Missing States in USA

Opened this issue · 14 comments

TRM13 commented

I downloaded the CSV file and was going over it and noticed a bunch of states in the USA missing:

Alabama,Alaska,Arizona,Arkansas,California,Connecticut,Delaware,Florida,Georgia,Hawaii,Idaho,Indiana,Iowa,Kansas,Kentucky,Maine,Minnesota,Mississippi,Missouri,Montana,Nebraska,Nevada,New_Hampshire,New_Mexico,North_Carolina,North_Dakota,Ohio,Oklahoma,Oregon,Pennsylvania,Rhode_Island,South_Carolina,South_Dakota,Tennessee,Texas,Utah,Vermont,Virginia,West_Virginia,Wisconsin,Wyoming

If it is "total deaths" you want and a baseline you could try the "Pneumonia and Influenza" page which has downloads.

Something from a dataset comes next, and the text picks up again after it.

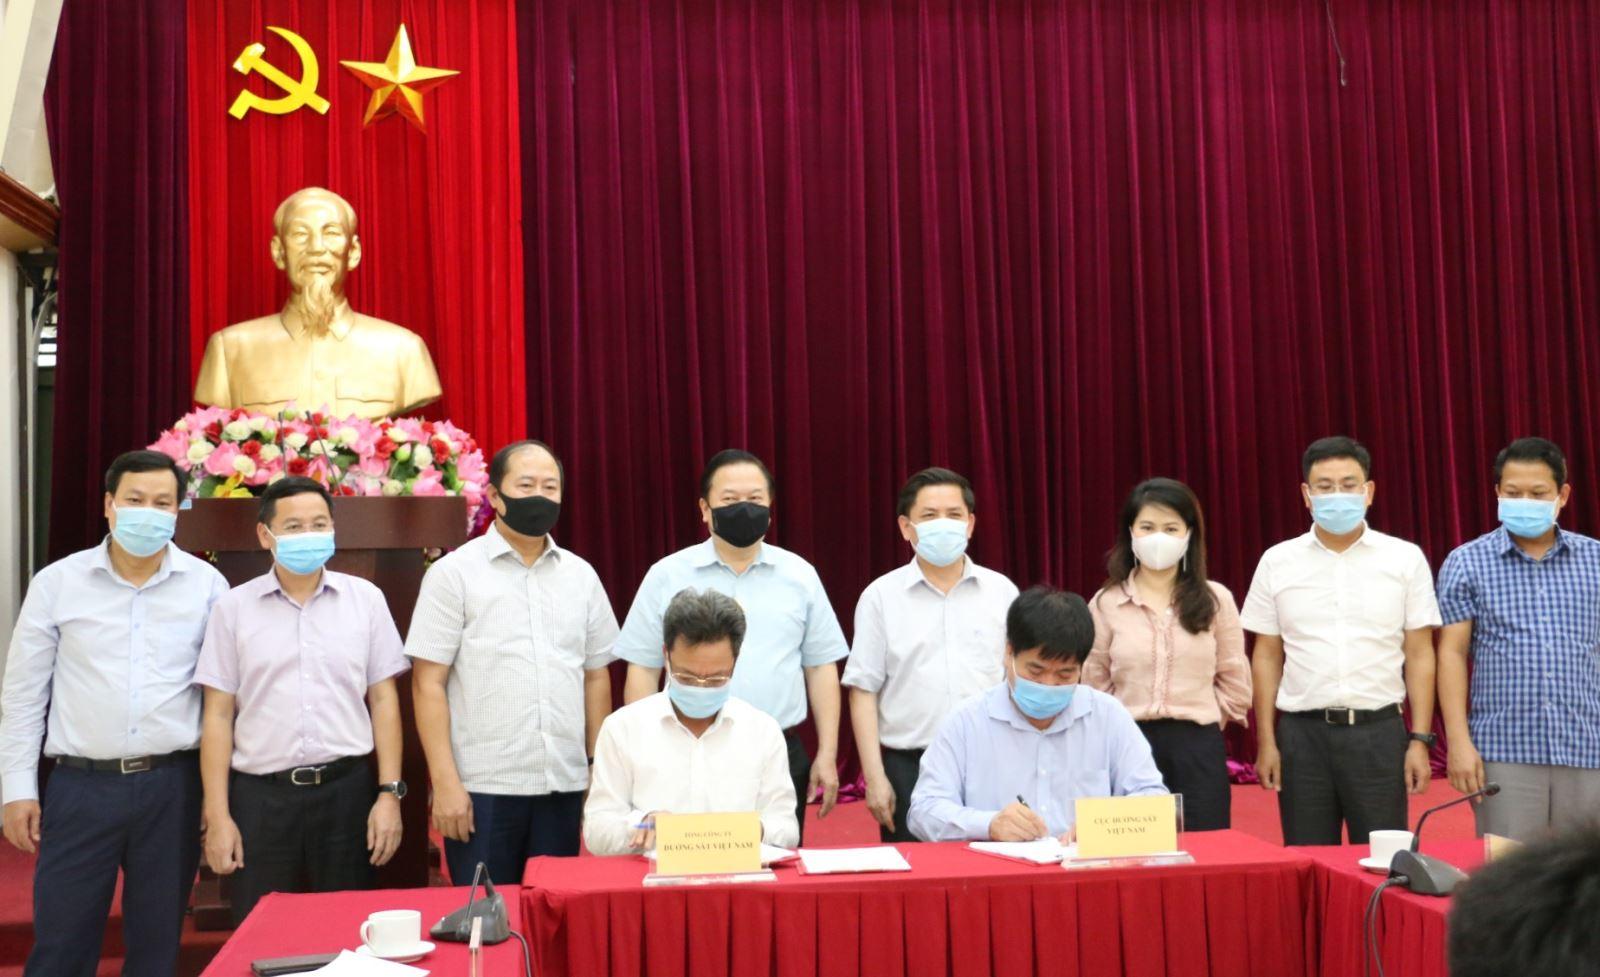 VNR nhận dự án bảo trì đường sắt Việt Nam hơn 2.800 tỷ đồng - Ảnh 1.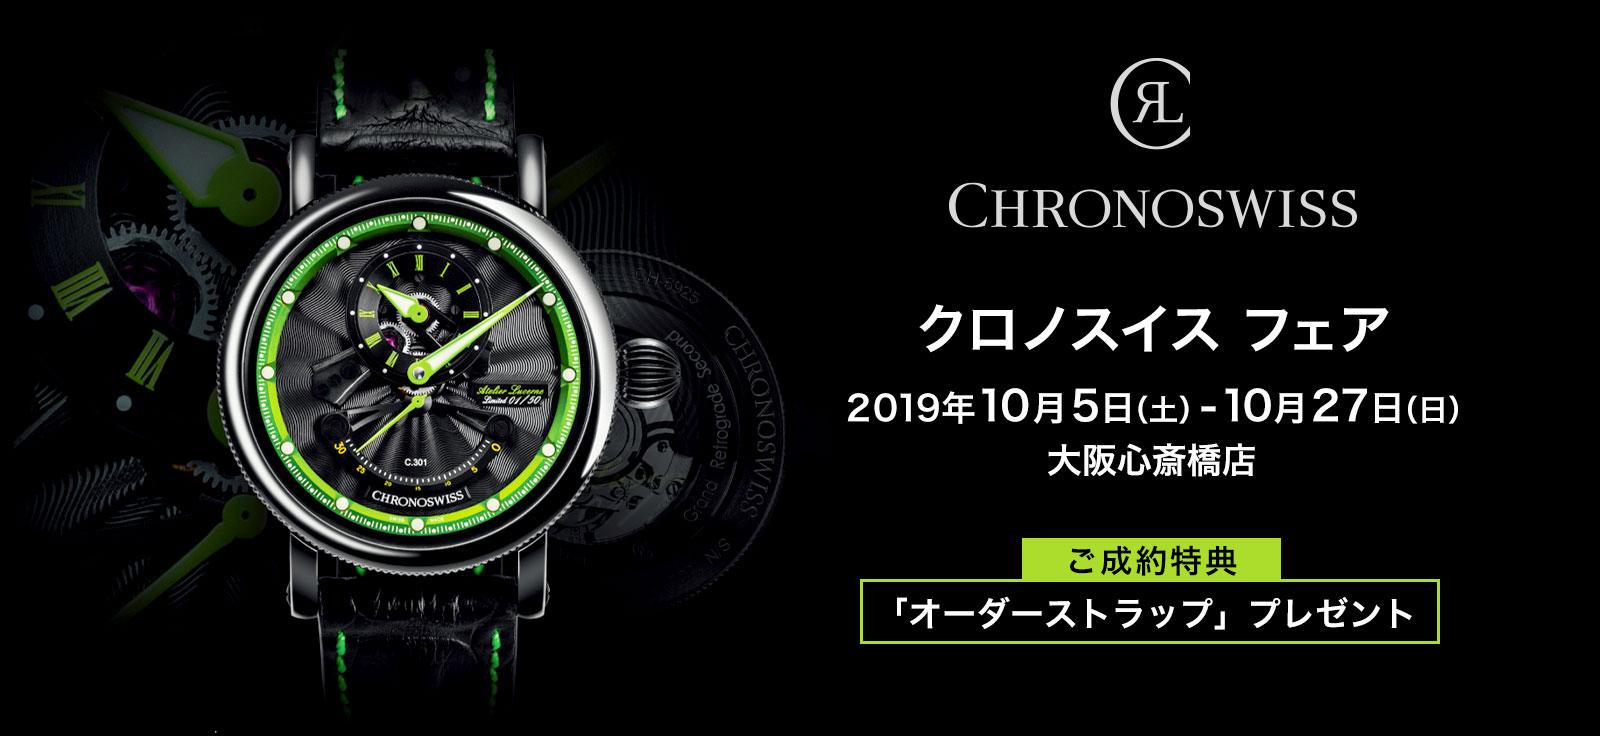 CHRONOSWISS FAIR[クロノスイス フェア]2019.10.5 - 10.27|大阪心斎橋店

I've done that and parsed it out using a 4 year average instead of 5 like you but similar idea.

For 2020 the USA has an "excess death" rate about 5.5% (50,331) higher than the previous 4 year average for weeks 1 to 16. As a comparison I checked the first 16 weeks of 2018 compared to the previous 4 year average and it was 7.2% (63,260).

The script and all related files are here if you want to kick the tires:
https://www.dropbox.com/sh/fh9x5fngmfbeiiu/AAAH-OtOMqiY_R9qqG6YccCRa?dl=0

Also came here looking for North Carolina -- the NCHS dashboard has "insufficient data" for the NC map but (1) also Ohio shows this & Ohio is included in the repo data and (2) a data download from that page seems fine...

TRM13 commented

North Carolina finally got past the 20% limit to be included. I'm sure there will be more updates to follow. I also did a first grab of weeks 1-21 and it is in at 6.8% but 8 weeks are missing. West Virginia (1), Connecticut(3) and of course North Carolina(4). LOL.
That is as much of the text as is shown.